At the University of Illinois, I remember classes being suspended or ignored as we crowded around TV sets and the ships drew closer in the Atlantic. There was a real possibility that nuclear bombs might fall in the next hour. And then Walter Cronkite had the good news: The Soviets had turned back. Secretary of State Dean Rusk famously said, "We went eyeball to eyeball, and I think the other fellow just blinked." The most controversial assertion of Roger Donaldson's "Thirteen Days," an intelligent new political thriller, is that the guys who blinked were not only the Soviets, but also America's own military commanders--who backed down not from Soviet ships but from the White House. The Joint Chiefs of Staff and Air Force Gen. Curtis LeMay are portrayed as rabid hawks itching for a fight. It's up to presidential adviser Kenny O'Donnell (Kevin Costner) and Defense Secretary Robert McNamara (Dylan Baker) to face down the top brass, who are portrayed as boys eager to play with nuclear toys. "This is a setup," O'Donnell warns President John F. Kennedy (Bruce Greenwood). If fighting breaks out at a low level, say with Castro shooting at an American spy plane, "the chiefs will force us to start shooting." This version of events, the viewer should be aware, may owe more to the mechanics of screenwriting than to the annals of history. In a movie where the enemy (Khrushchev) is never seen, living and breathing antagonists are a convenience on the screen, and when McNamara and a trigger-happy admiral get into a shouting match, it's possible to forget they're both supposed to be good guys. Yet the Cold War mentality did engender military paranoia, generals like LeMay were eager to blast the commies, and Kennedy was seen by his detractors as a little soft.

"Kennedy's father was one of the architects of Munich," grumbles Dean Acheson, Truman's secretary of state and an architect of the Cold War. "Let's hope appeasement doesn't run in the family." My own feeling is that serious students of the missile crisis will not go to this movie for additional scholarship, and that for the general public it will play--like Oliver Stone's "JFK"--as a parable: Things might not have happened exactly like this, but it sure did feel like they did.

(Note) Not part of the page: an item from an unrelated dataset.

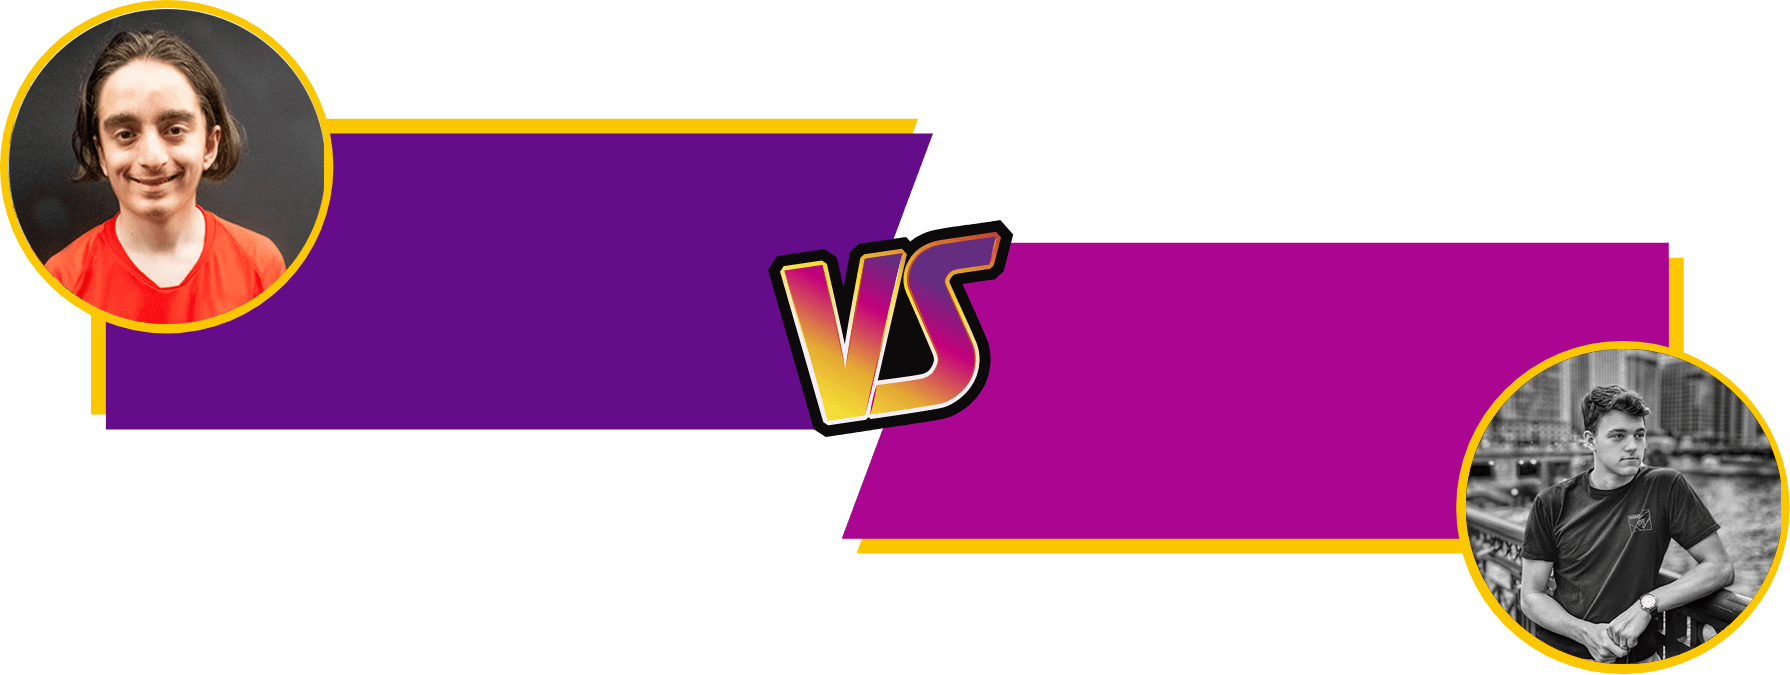 Zankye vs. Illinuc

I am not even much bothered by the decision to tell the story through the eyes of O'Donnell, who according to Kennedy scholars can barely be heard on White House tapes made during the crisis, and doesn't figure significantly in most histories of the event. He functions in the movie as a useful fly on the wall, a man free to be where the president isn't and think thoughts the president can't. (Full disclosure: O'Donnell's son Kevin, the Earthlink millionaire, is an investor in the company of "Thirteen Days" producer Armyan Bernstein.) Costner plays O'Donnell as a White House jack-of-all-trades, a close adviser whose office adjoins the Oval Office. He has deep roots with the Kennedys. He was Bobby's roommate at Harvard and Jack's campaign manager, he is an utterly loyal confidante, and in the movie he helps save civilization by sometimes taking matters into his own hands. When the Joint Chiefs are itching for an excuse to fight, he urges one pilot to "look through this thing to the other side"--code for asking him to lie to his superiors rather than trigger a war.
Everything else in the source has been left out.